Куликов метался по кабинету Тимофея Тимофеевича и в бессильной злобе скрежетал зубами. Неужели у него вырвут добычу, лишат возможности тиранить безответное существо? Неужели Ганя осмелится выдать его отцу, рассказать всю правду?! Положим – он мог бы сейчас задушить их обоих, но… но это крайность, и притом очень рискованная! Идти в каторгу, когда можно уладить все по-хорошему. Ведь удача была так близка! Он рассчитывал сегодня хоронить старика, и не прекрати старый хрыч принимать «целебные» лепешки, непременно протянул бы ноги.
Между тем старик Петухов увел дочь в спальню, заперся с ней и, посадив Ганю в кресло, упал перед ней на колени.
– Ганя, счастье мое, жизнь моя, прости меня, я вижу, что загубил тебя, – говорил он, рыдая и целуя руки дочери.
Ганя сидела неподвижно, плохо сознавая происходящее и боясь шевельнуться, чтобы не очнуться к роковой действительности.
– Папенька, мы опять вместе, милый папенька, вы не отпустите меня от себя?
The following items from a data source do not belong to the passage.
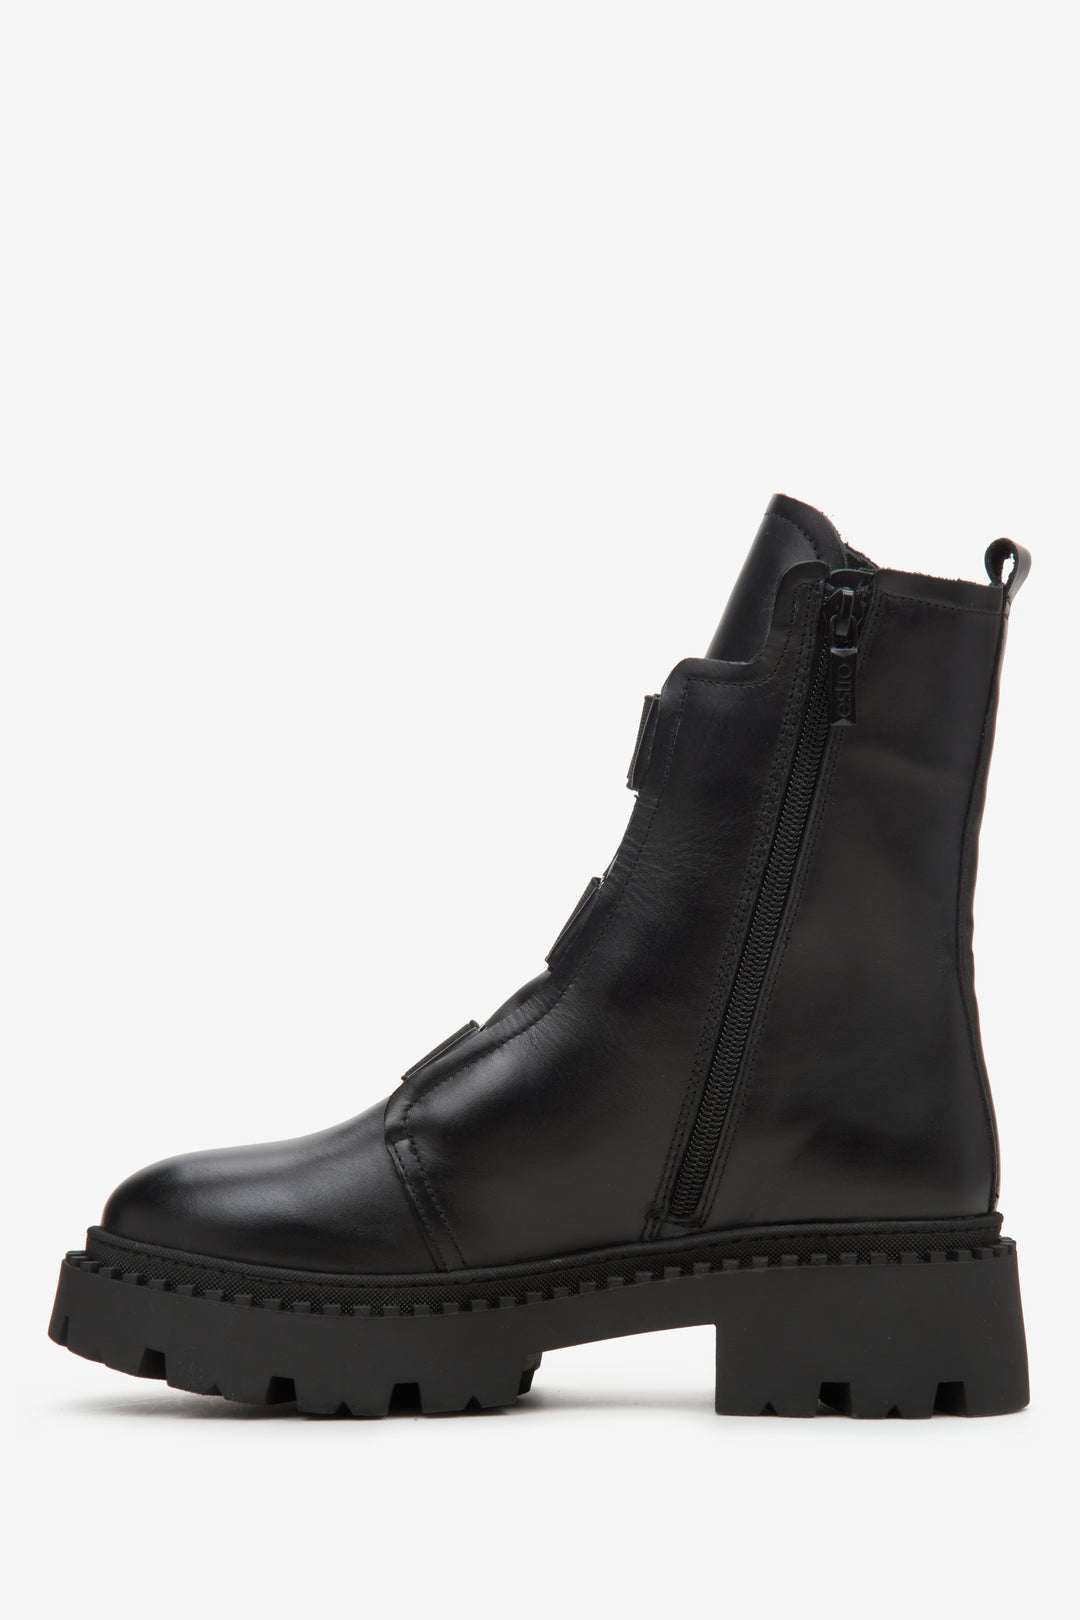 Estro women's black leather ankle boots with soft uppers - shoe profile.
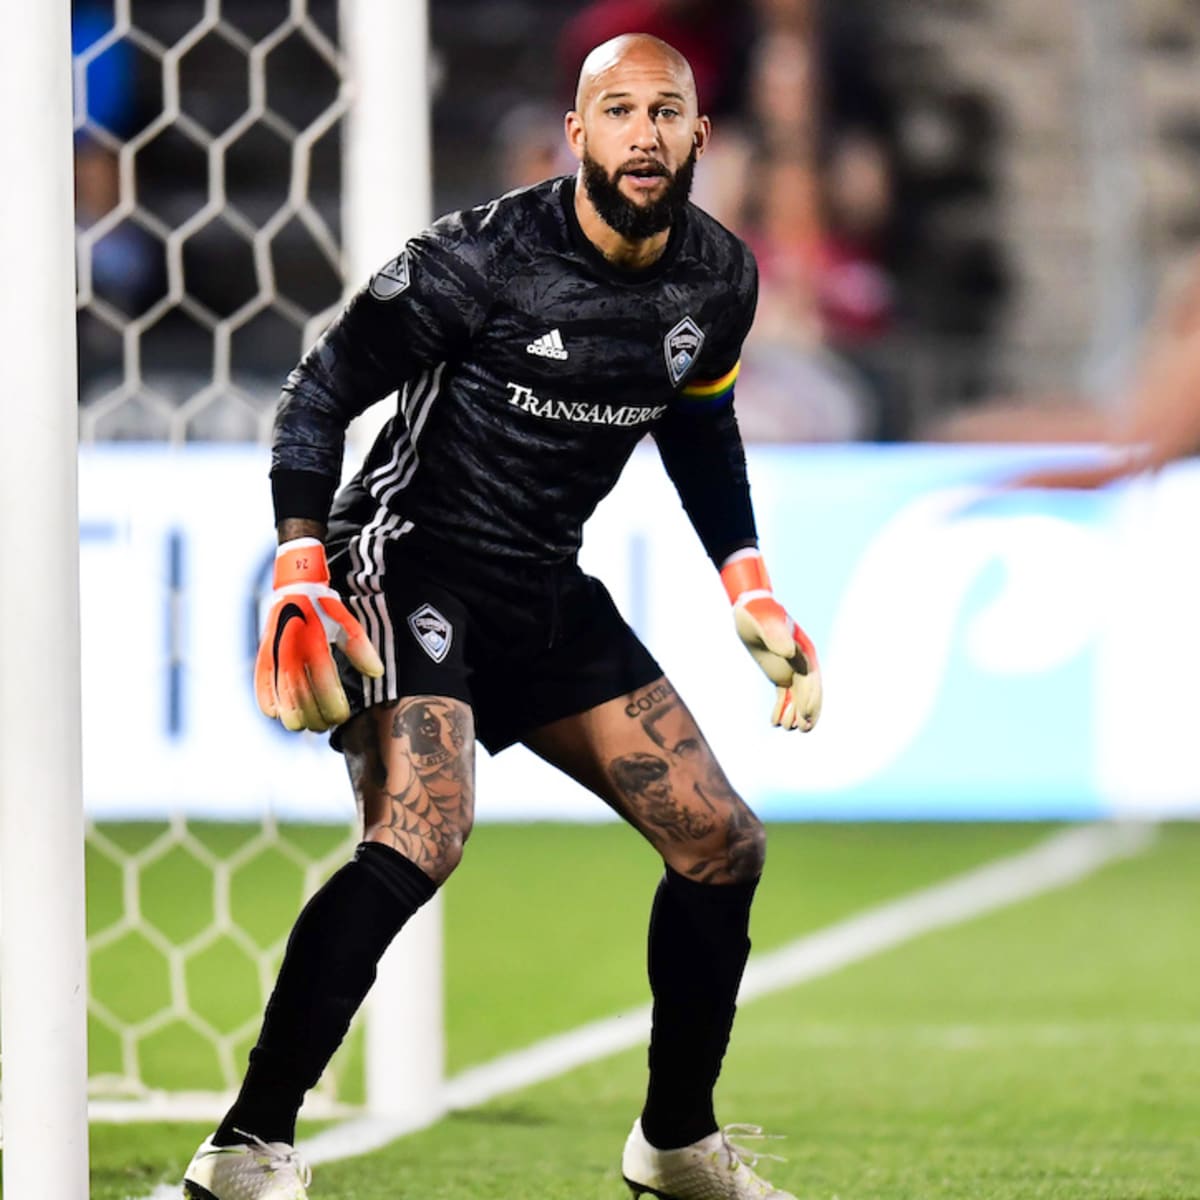 What's Next For Goalkeeper Tim Howard? - Kids: Sports News Kids, Kids Games and More
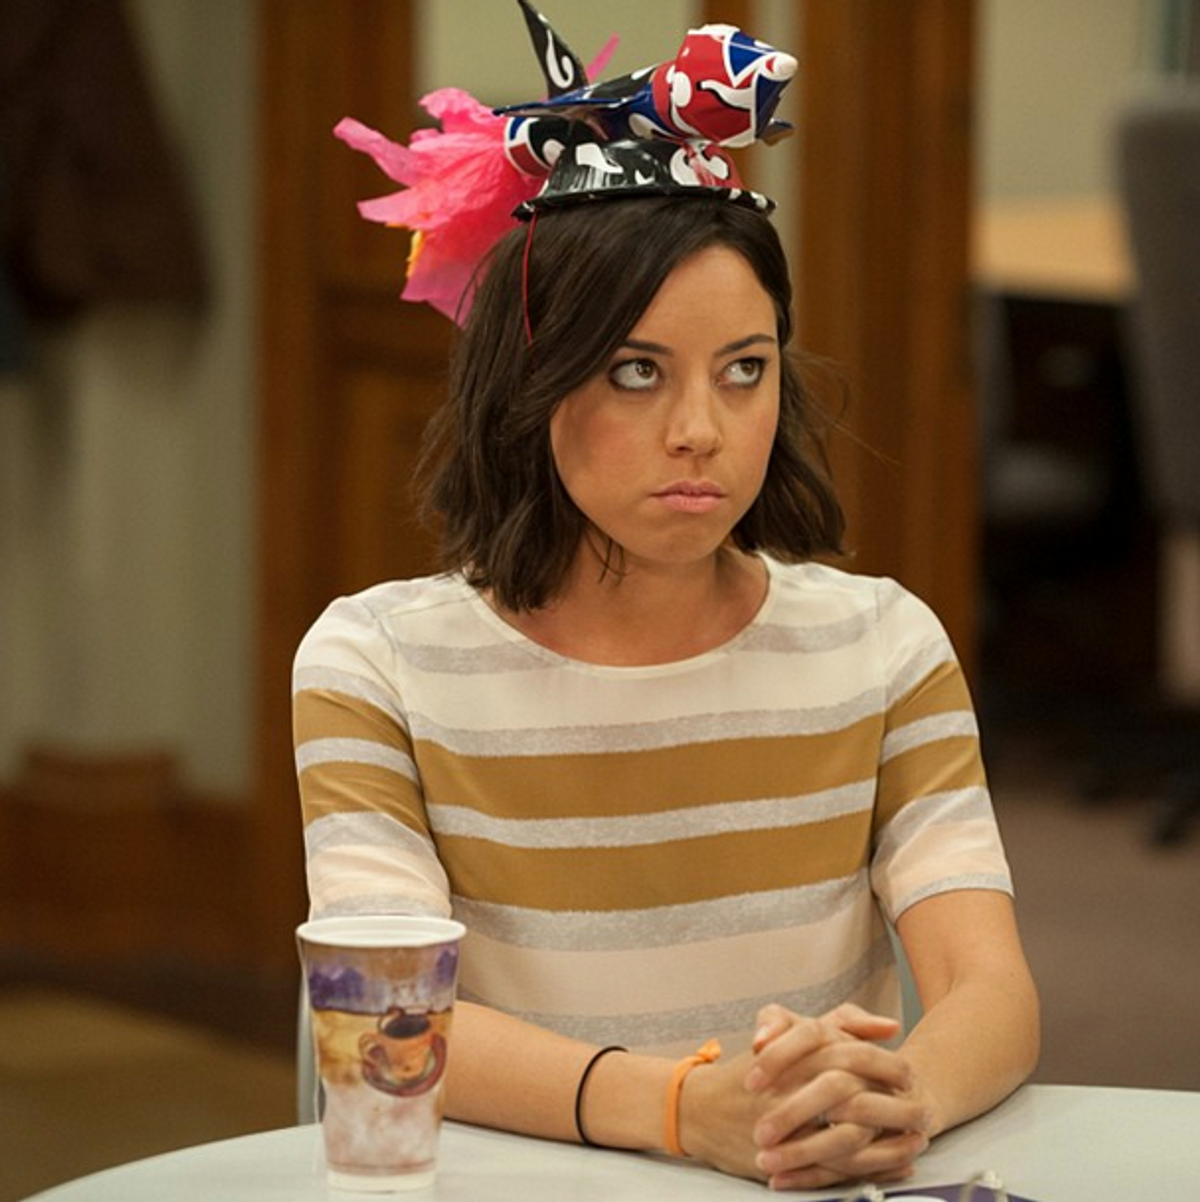 The Realities of Turning 21 As Told by April Ludgate from Parks and Rec

– Ганя, Ганя, только перешагнув через труп мой, возьмут тебя от меня!
Минуту длилось молчание.
– Дочь моя, – сквозь слезы, душившие его, говорил старик, – да скажи же мне, что с тобой? Ты несчастна, это я вижу, но в толк не возьму, какие припадки у тебя делаются! Ты всегда была так здорова! Кто тебя лечит? Что у тебя?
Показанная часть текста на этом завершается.